A series of video clips preceded Billy Crystal to the stage at Saturday night’s Power of Love gala at MGM Grand Garden. Sylvester Stallone and Rob Gronkowski were among those sending in messages.
Crystal took the stage and said, “You mean, I could have just sent a video?”
Crystal opened with some quick jabs at Jimmy Kimmel. “This is semi-exciting for me. It’s a venerable ‘Who’s that?’ of entertainment, all here to pay tribute to our good friend, Jimmy Kimmel,” Crystal said. “I’m happy to like to talk briefly about Jimmy, because that’s all the time that it really takes.”
Crystal said Kimmel asked him after hosting the Oscars for the third time, mulling a fourth appearance. “He said, ‘How the hell did you do this nine times?’” Crystal said. “And I said, ‘Very well!’”
The crowd laughed.
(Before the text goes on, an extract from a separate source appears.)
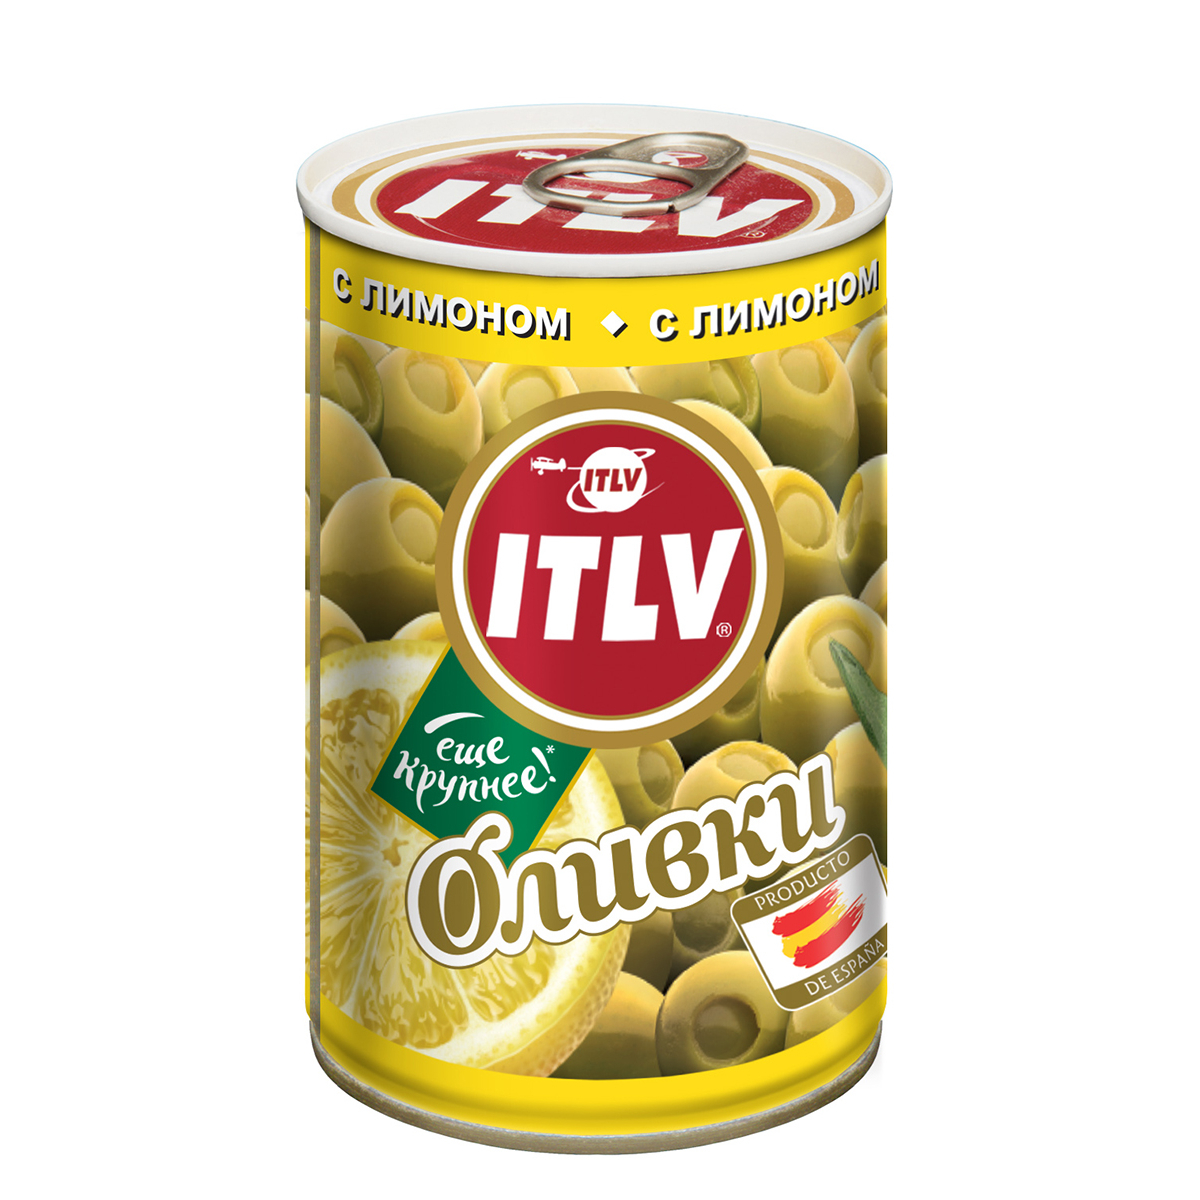 Оливки ITLV с лимоном 314 мл оливки itlv без косточки 314 мл

But Crystal’s personal participation was especially poignant. The comic, actor and filmmaker lost his Pacific Palisades home of 46 years in the Los Angeles wildfires. Kimmel was among the first to contact Crystal as the fires swept through the region.
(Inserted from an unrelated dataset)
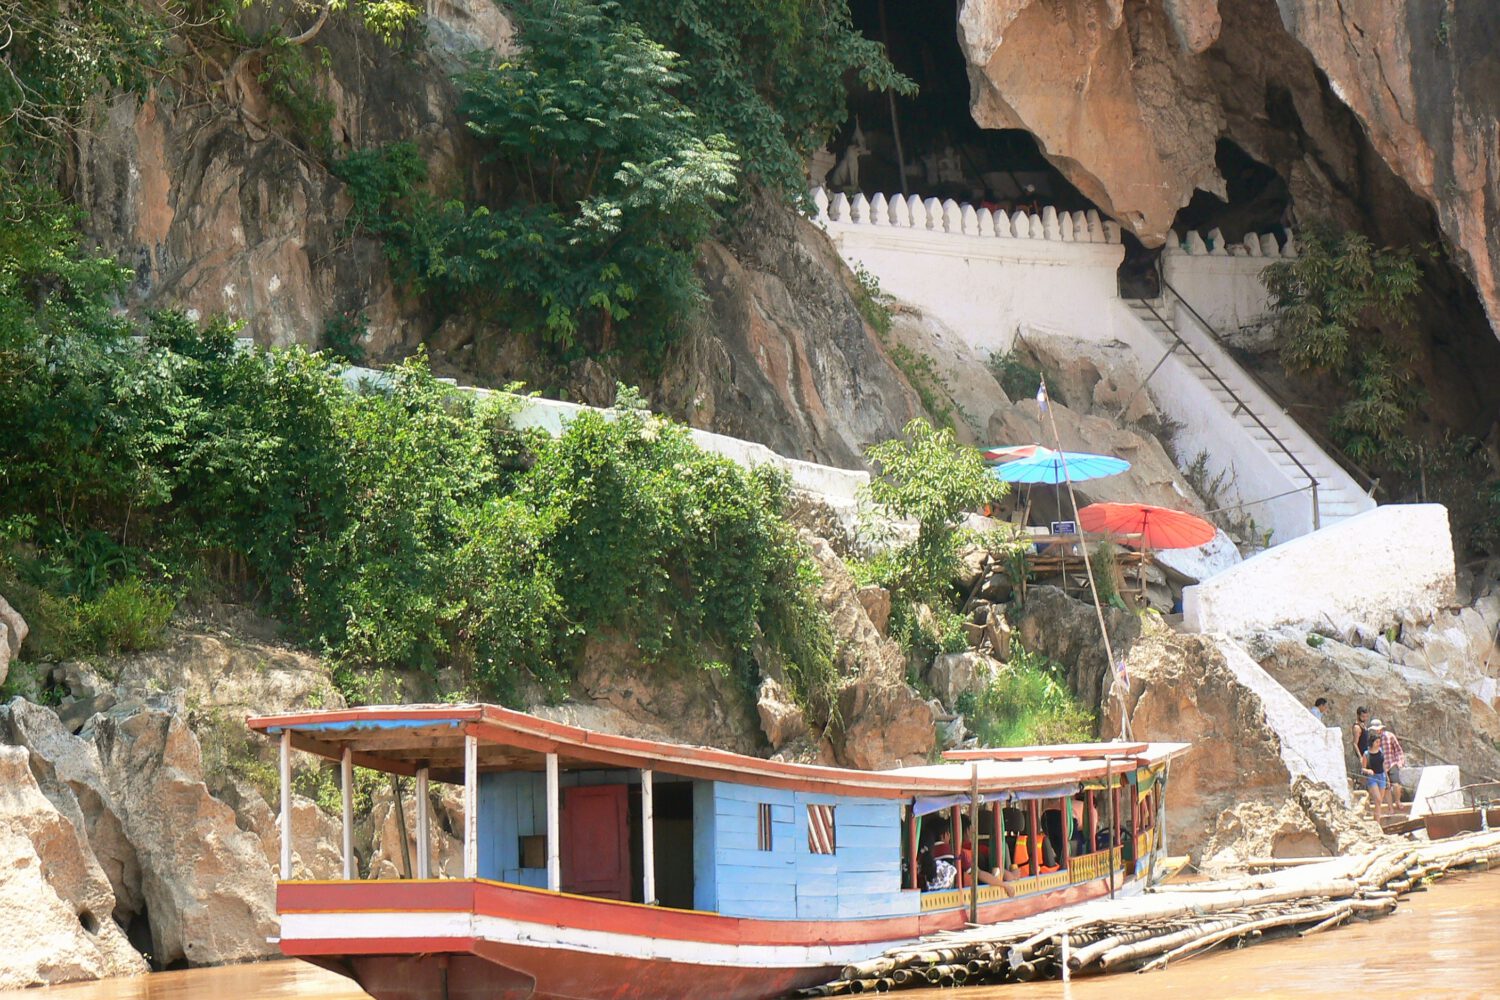 Mekong river cruise in Laos

“He said, ‘Sorry to hear about what happened to you and your family,” Crystal said. He expressed gratitude that Kimmel turned the back lot of the “Jimmy Kimmel Live” Hollywood studio into a donation center. “Those extensions of kindness are what I’m living on now, myself. You can lose these things, and we lost everything. But what you can’t replace … are great friends.”
Kimmel recalled a job in high school, during which Crystal was a companion.
“When I was at Clark High School, I delivered pizza,” Kimmel said. “One of the cassettes tapes I listened to when I was driving around, delivering pizza, was a Billy Crystal comedy album. I listened to it like 150 times. And if you’d told me that Billy Crystal would fly here three weeks after his house burned down to honor me, I wouldn’t have been able to wrap my head around it.”
Father Bill on the bill
A bald individual who addresses large crowds drew a lot of laughs, and it wasn’t Jeff Ross.
Father Bill Kenny, Kimmel’s priest since his childhood at Christ The King Catholic Church, appeared alongside Jason Bateman. The “Ozark” and “Curb Your Enthusiasm” co-star was the set-up man as Father Bill spun some Kimmel yarns. “Father Bill, you’ve known Jimmy since he was 9 years old. What kind of stunts would he pull?’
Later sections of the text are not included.